▶ [WHAT NEEDS TO BE DONE]: Exact copy, no pictures: output each line below as it stands.

▶ [INFORMATION SUPPLIED]:

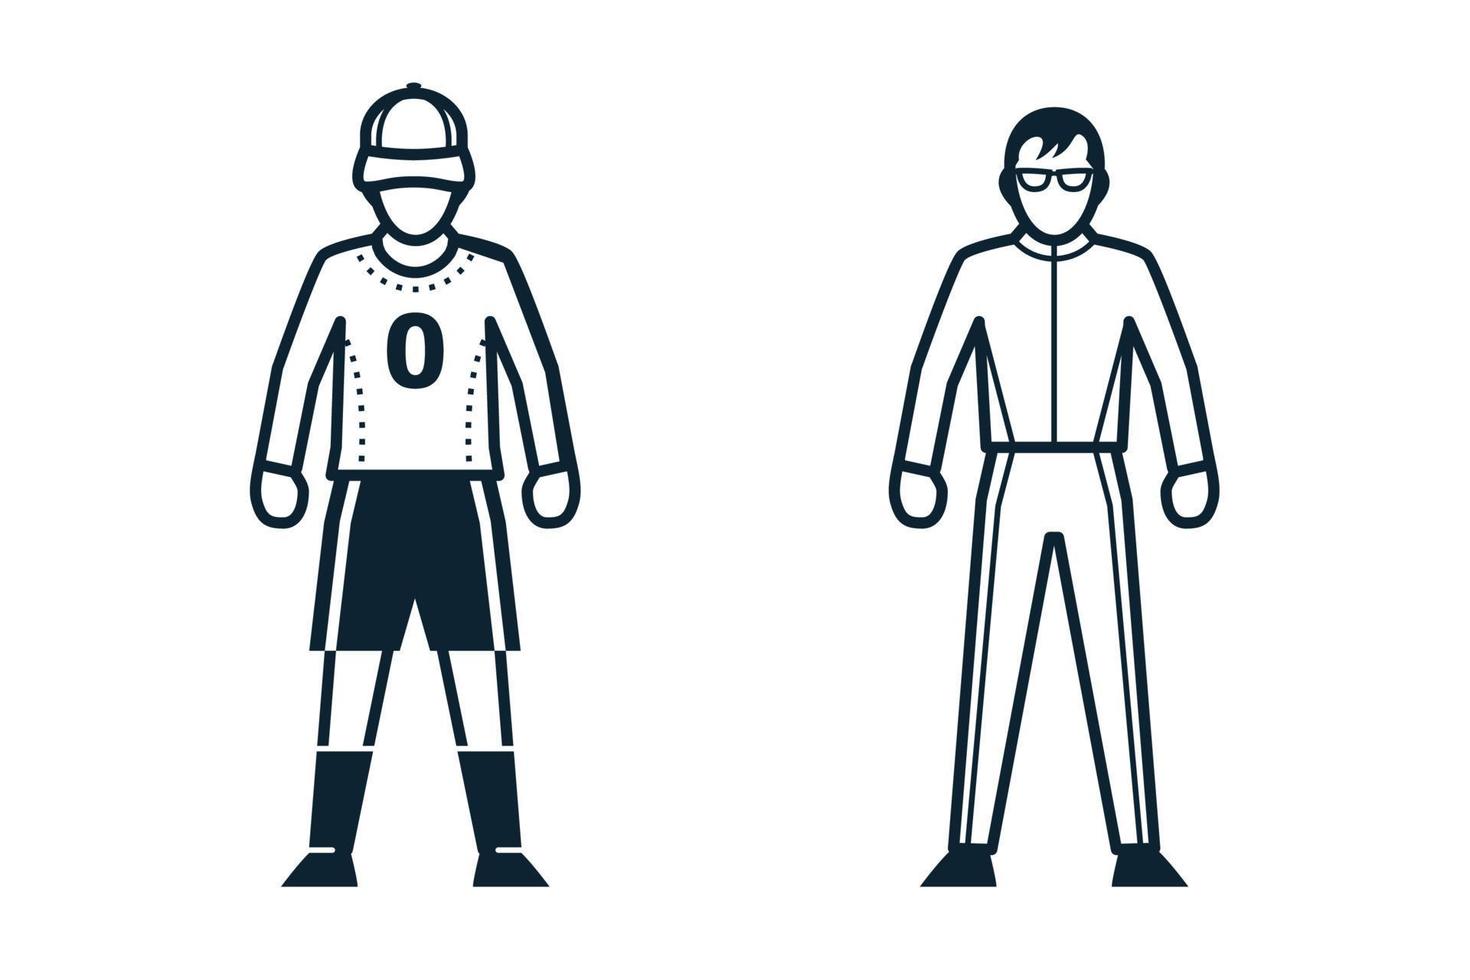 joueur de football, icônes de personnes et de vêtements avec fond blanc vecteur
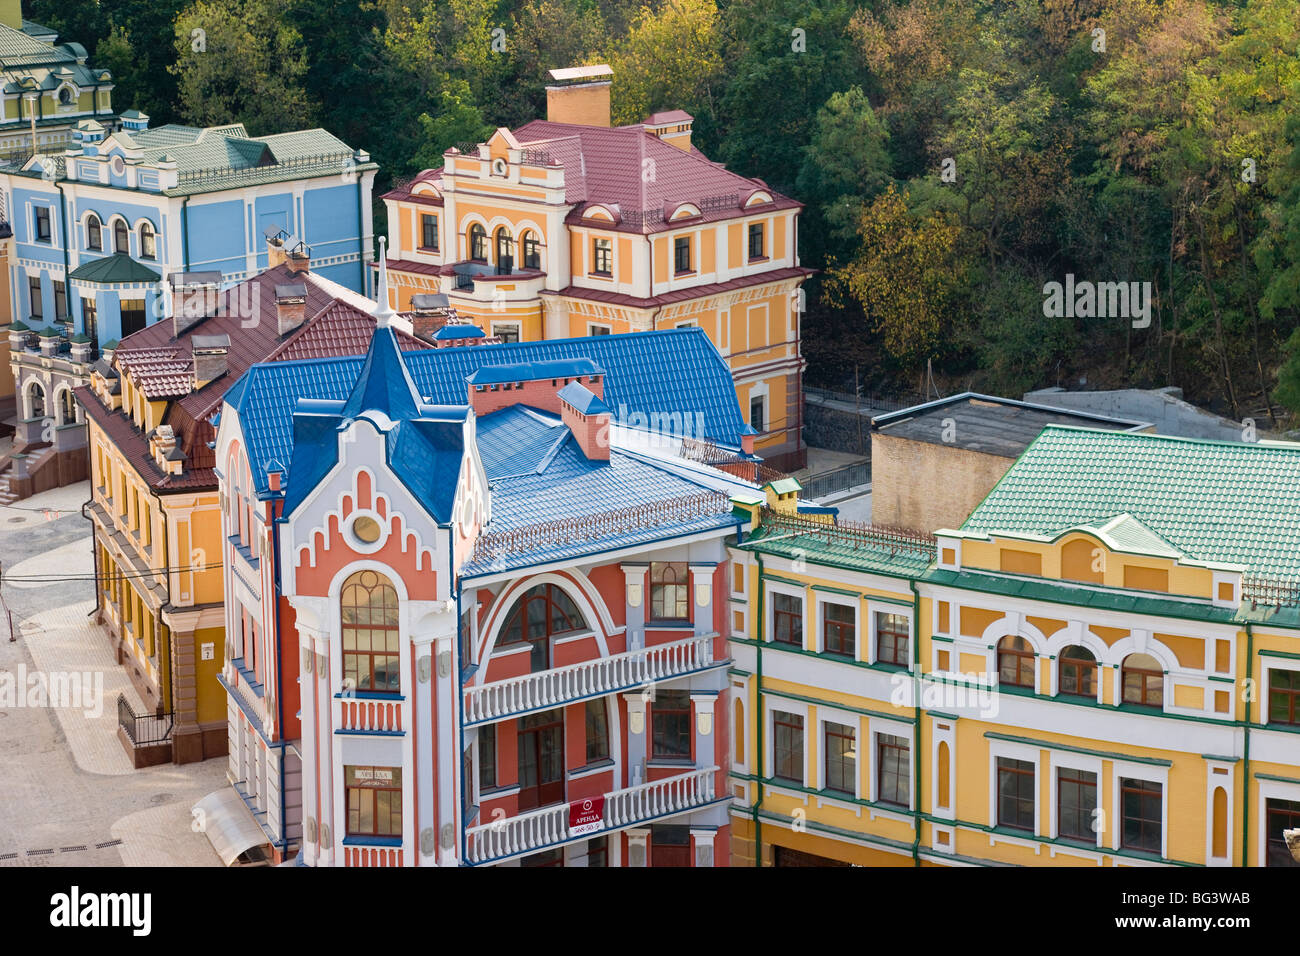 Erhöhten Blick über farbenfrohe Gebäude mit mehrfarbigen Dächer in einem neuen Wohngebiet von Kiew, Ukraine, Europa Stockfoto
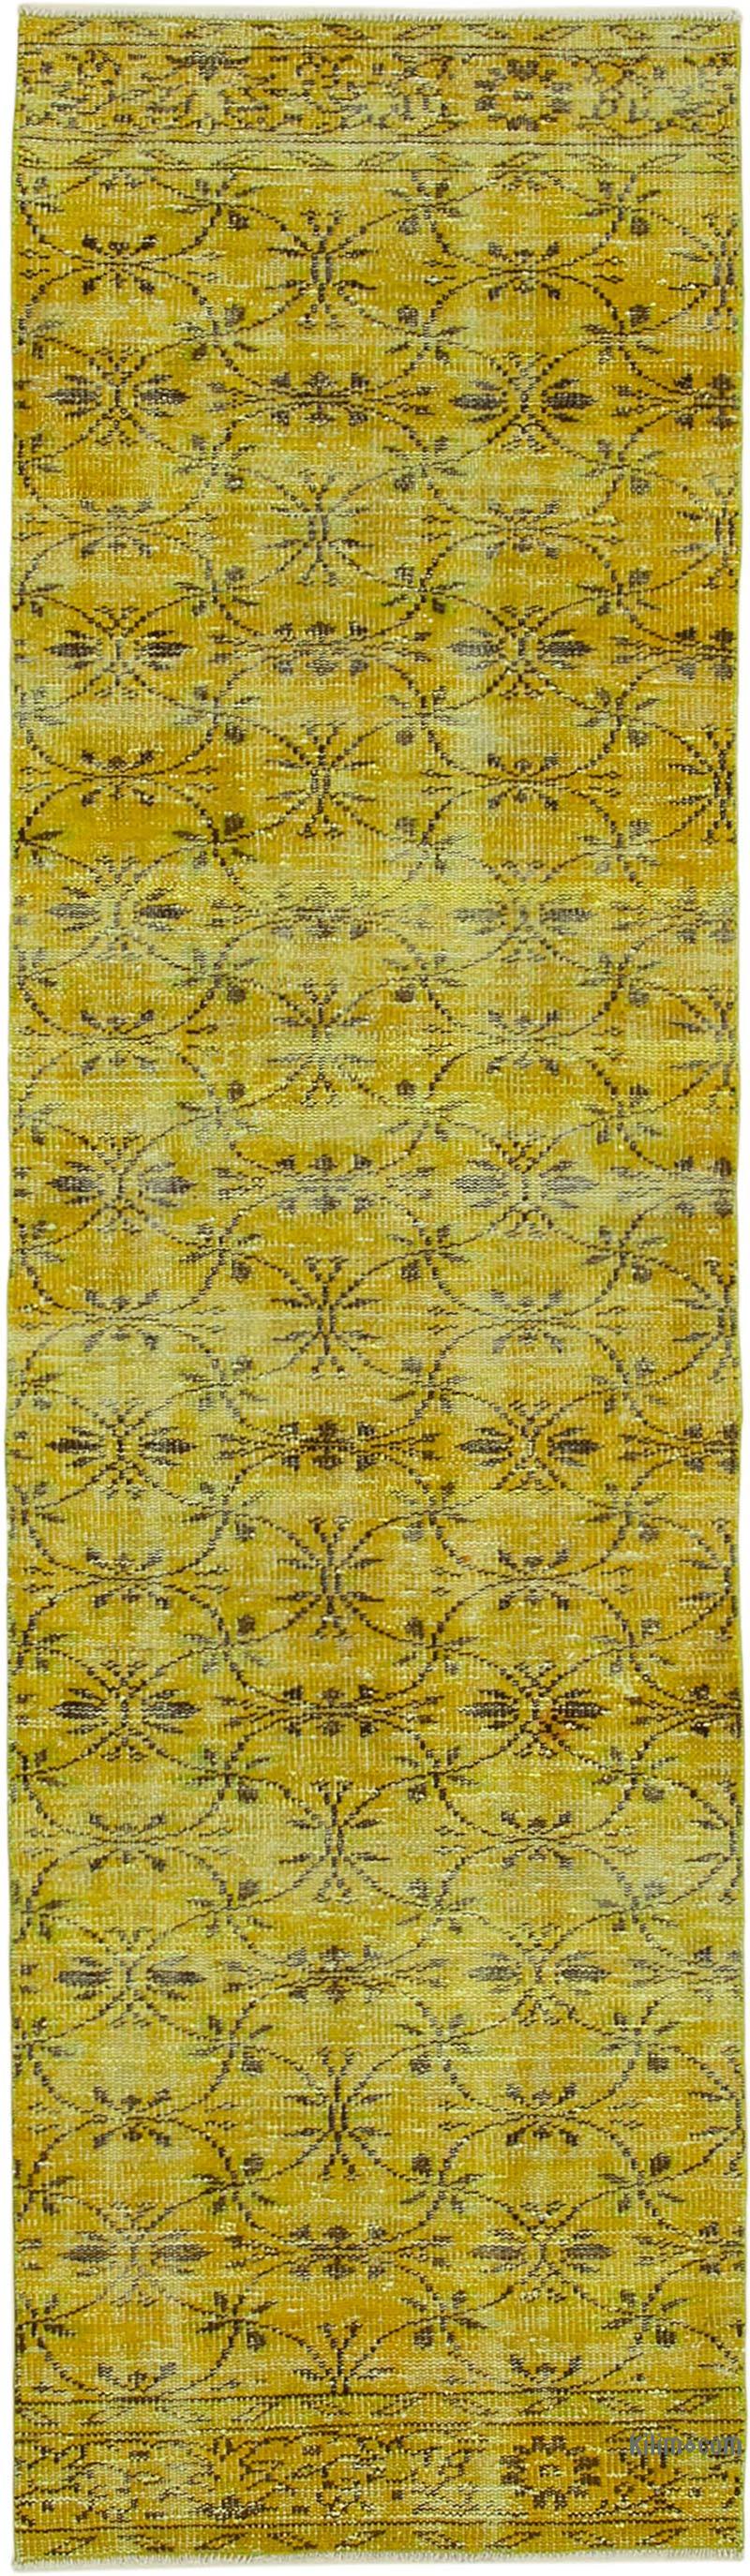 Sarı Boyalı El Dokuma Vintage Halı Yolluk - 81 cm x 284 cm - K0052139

▶ [REPLY TO THE TASK]:
 joueur de football, icônes de personnes et de vêtements avec fond blanc vecteur
 Erhöhten Blick über farbenfrohe Gebäude mit mehrfarbigen Dächer in einem neuen Wohngebiet von Kiew, Ukraine, Europa Stockfoto
 Sarı Boyalı El Dokuma Vintage Halı Yolluk - 81 cm x 284 cm - K0052139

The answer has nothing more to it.